| Given data |

******************************

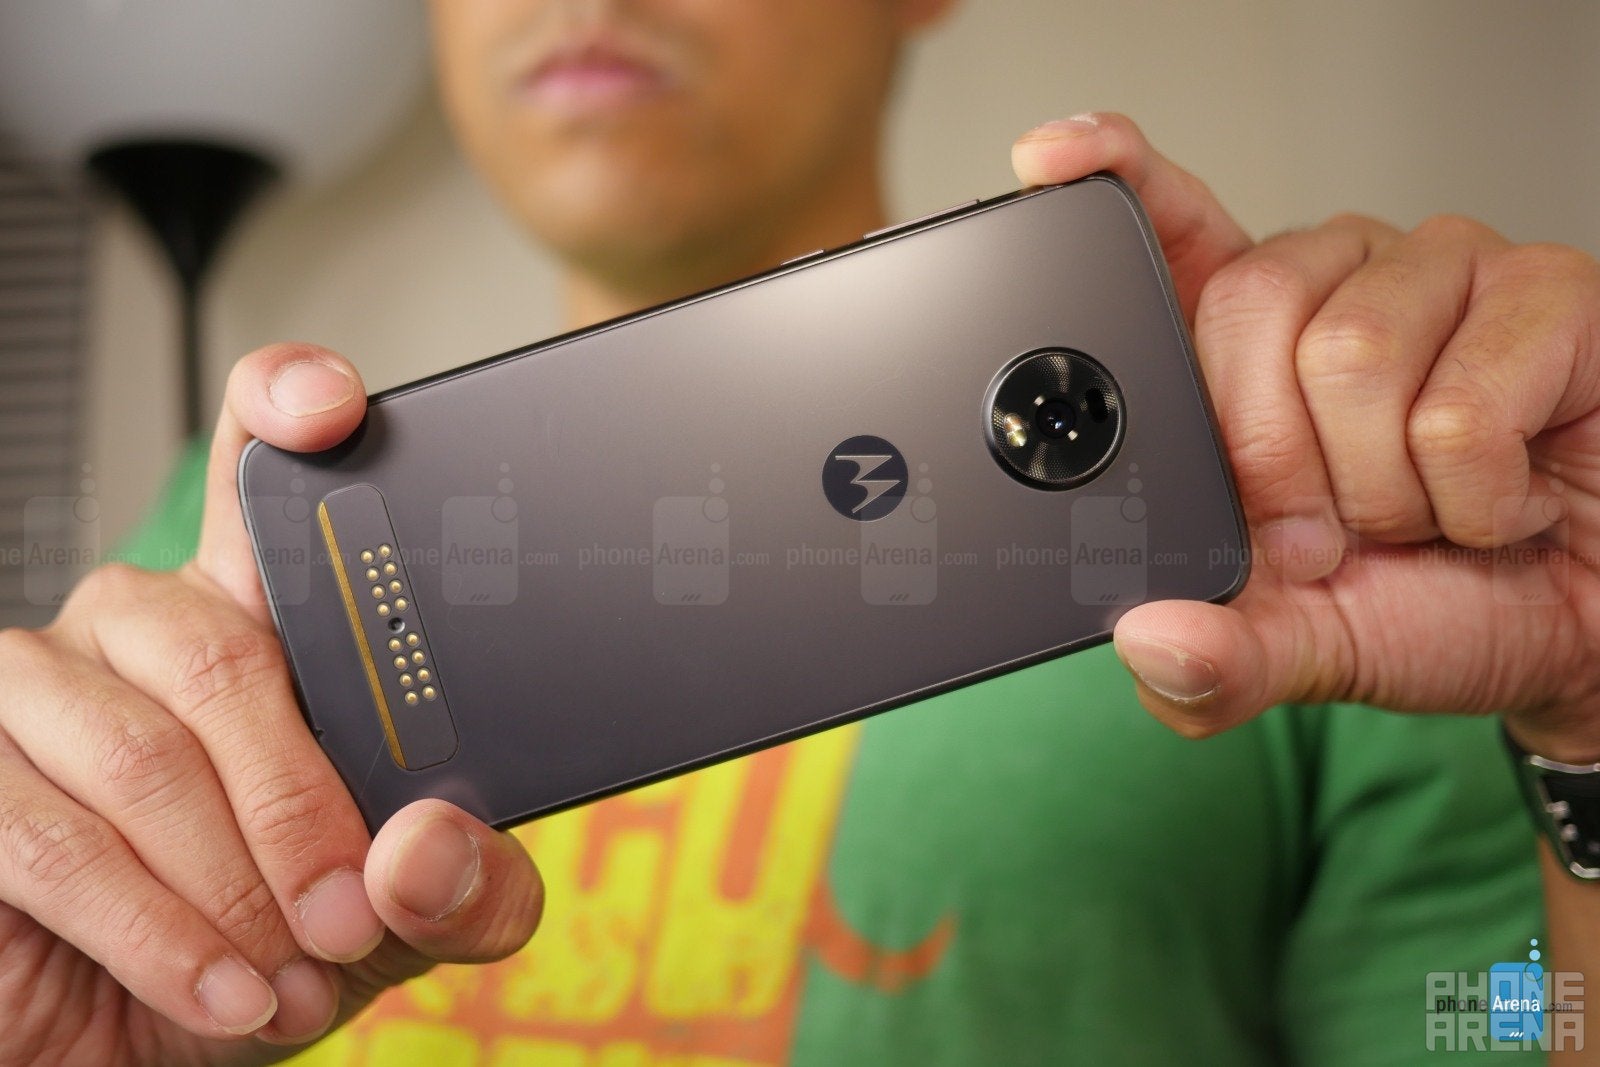 Review: Motorola Moto E4 Plus (Phone Scoop)
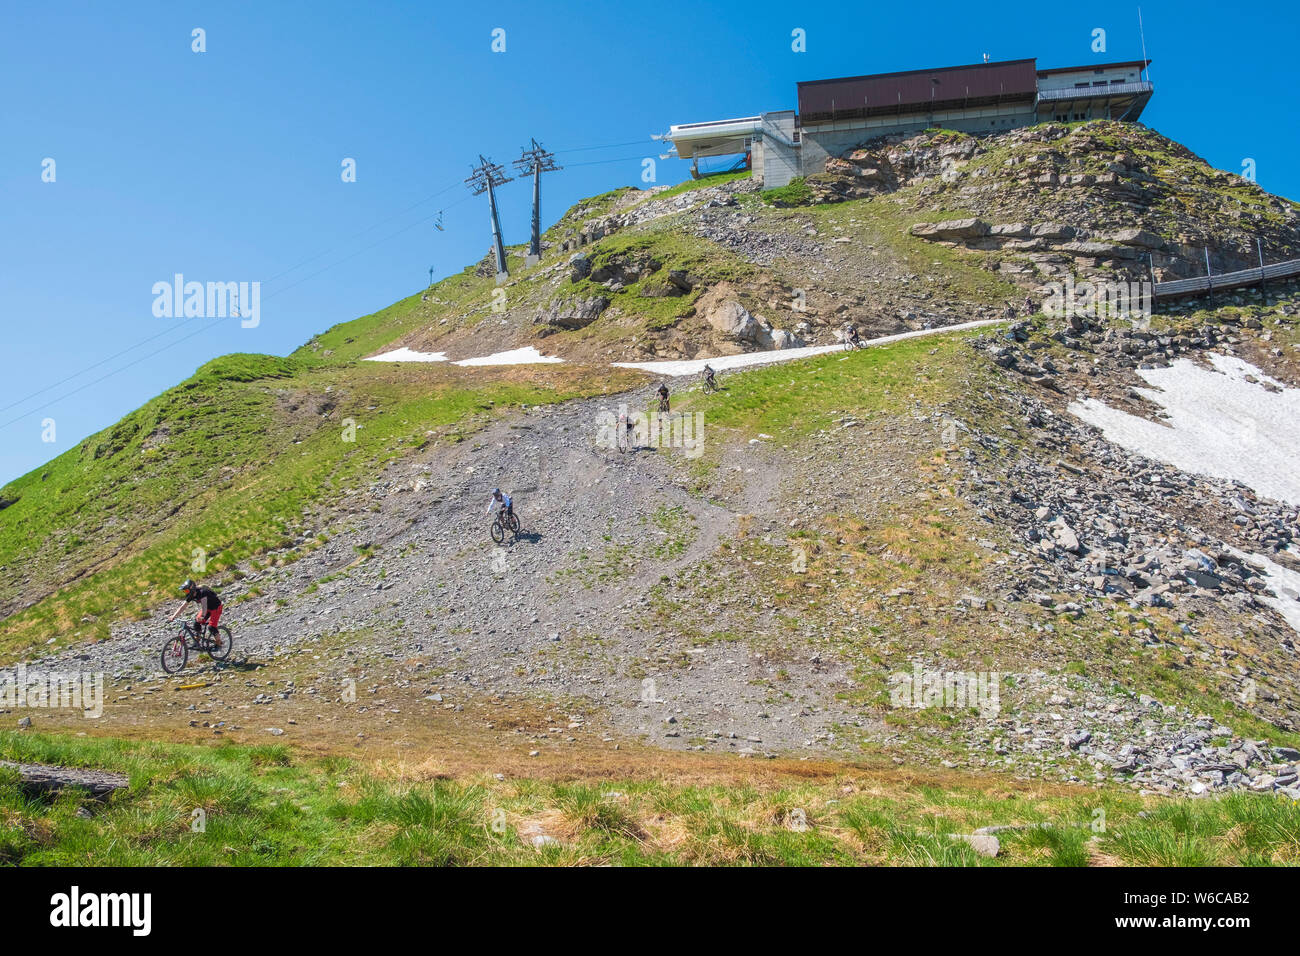 Mountain bikers at the Portes du soleil, Switzerland, riding down a steep gravel ramp. Stock Photo
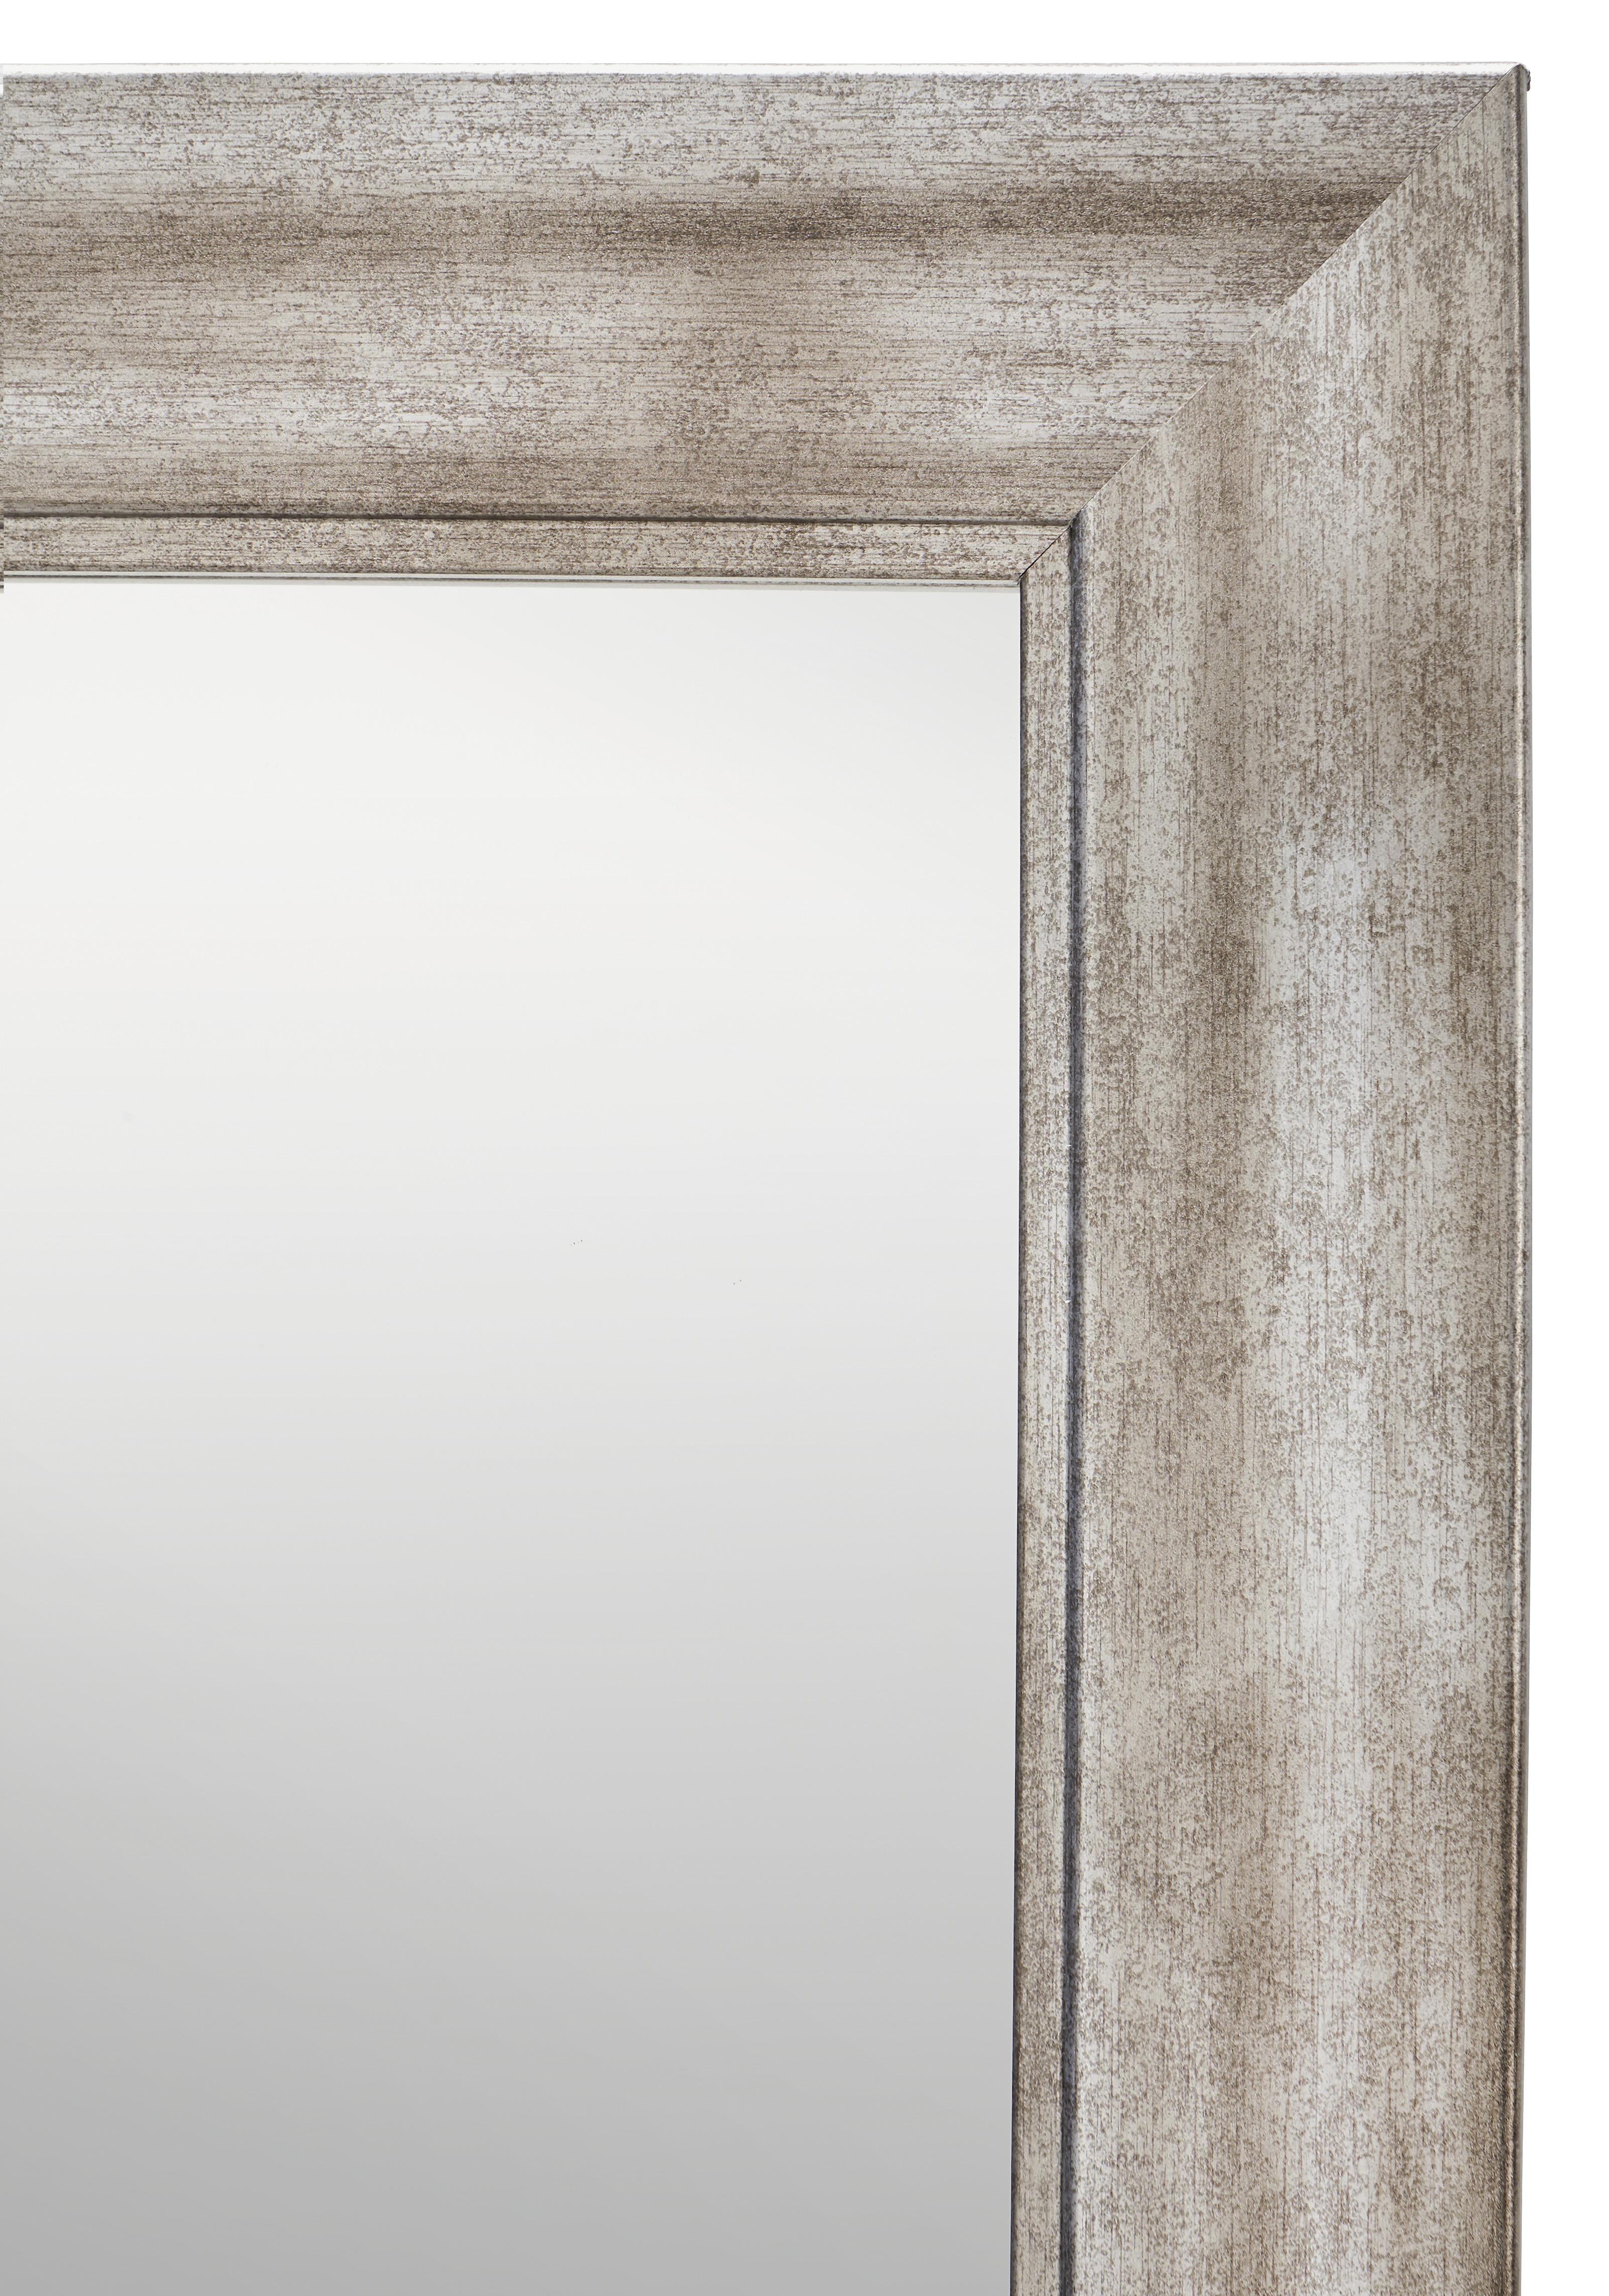 OGLEDALO ZIDNO METALLIC - srebrne boje/boje nikla, Romantik / Landhaus, drvni materijal (66/186cm)
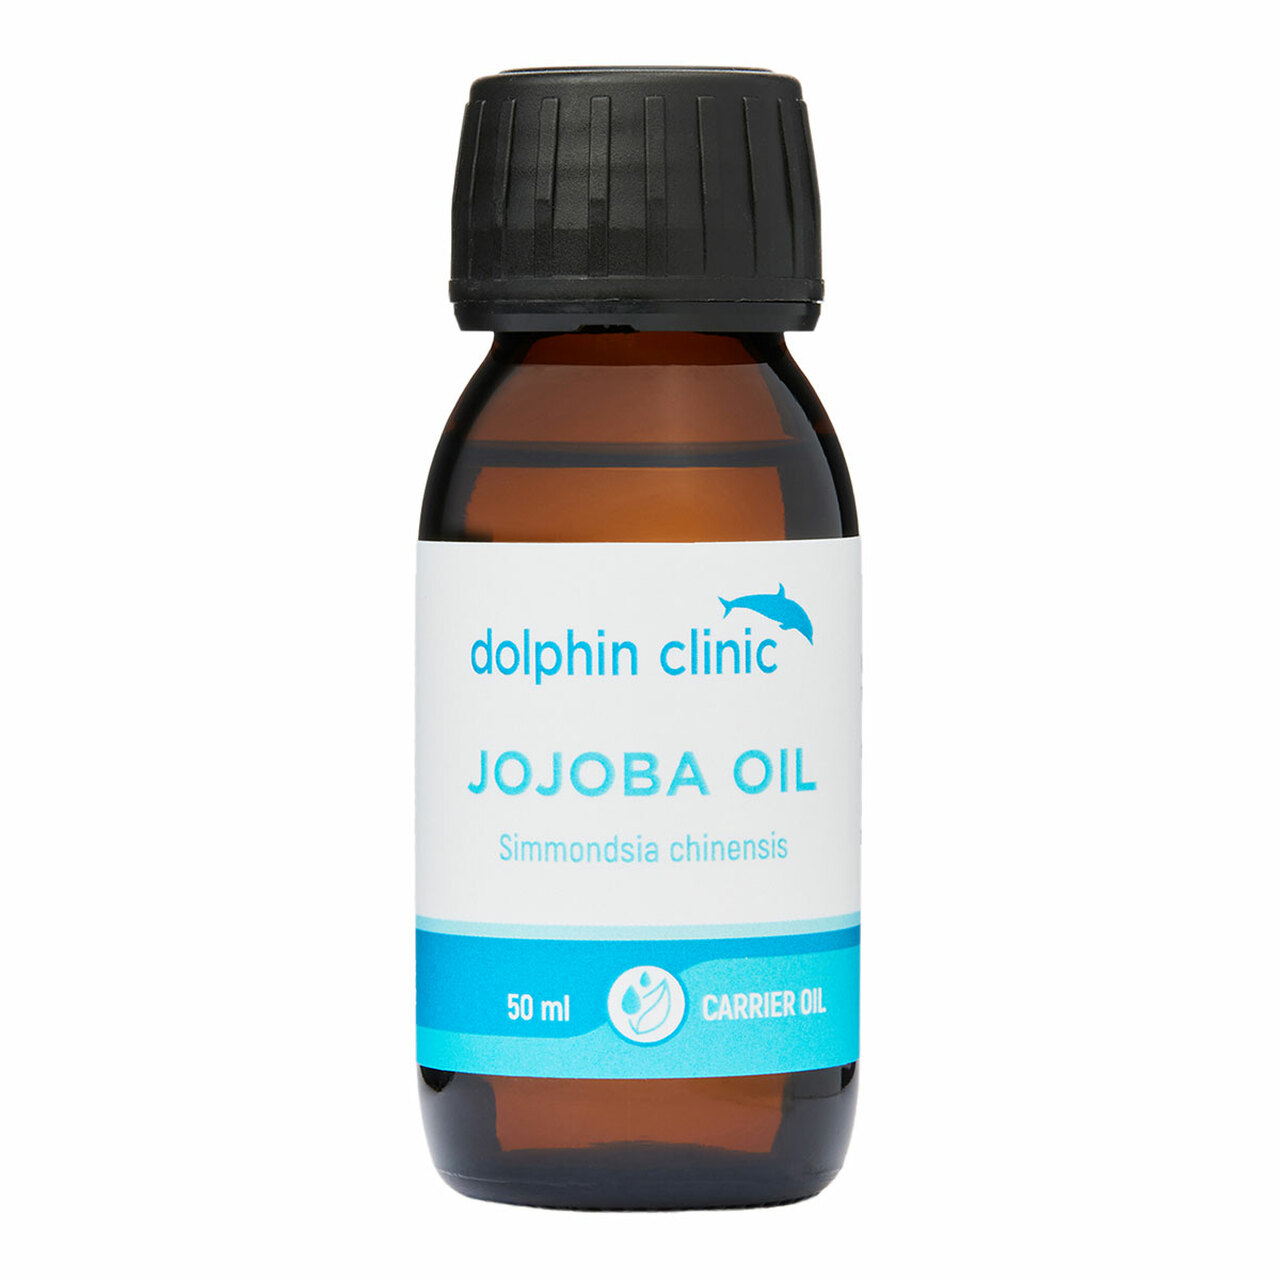 Dolphin Clinic Jojoba Oil 50ml

******************************

| Directions |
The answer must be the full listing above, copied exactly, with no pictures in it.

| Result |
 Review: Motorola Moto E4 Plus (Phone Scoop)
 Mountain bikers at the Portes du soleil, Switzerland, riding down a steep gravel ramp. Stock Photo
 OGLEDALO ZIDNO METALLIC - srebrne boje/boje nikla, Romantik / Landhaus, drvni materijal (66/186cm)
 Dolphin Clinic Jojoba Oil 50ml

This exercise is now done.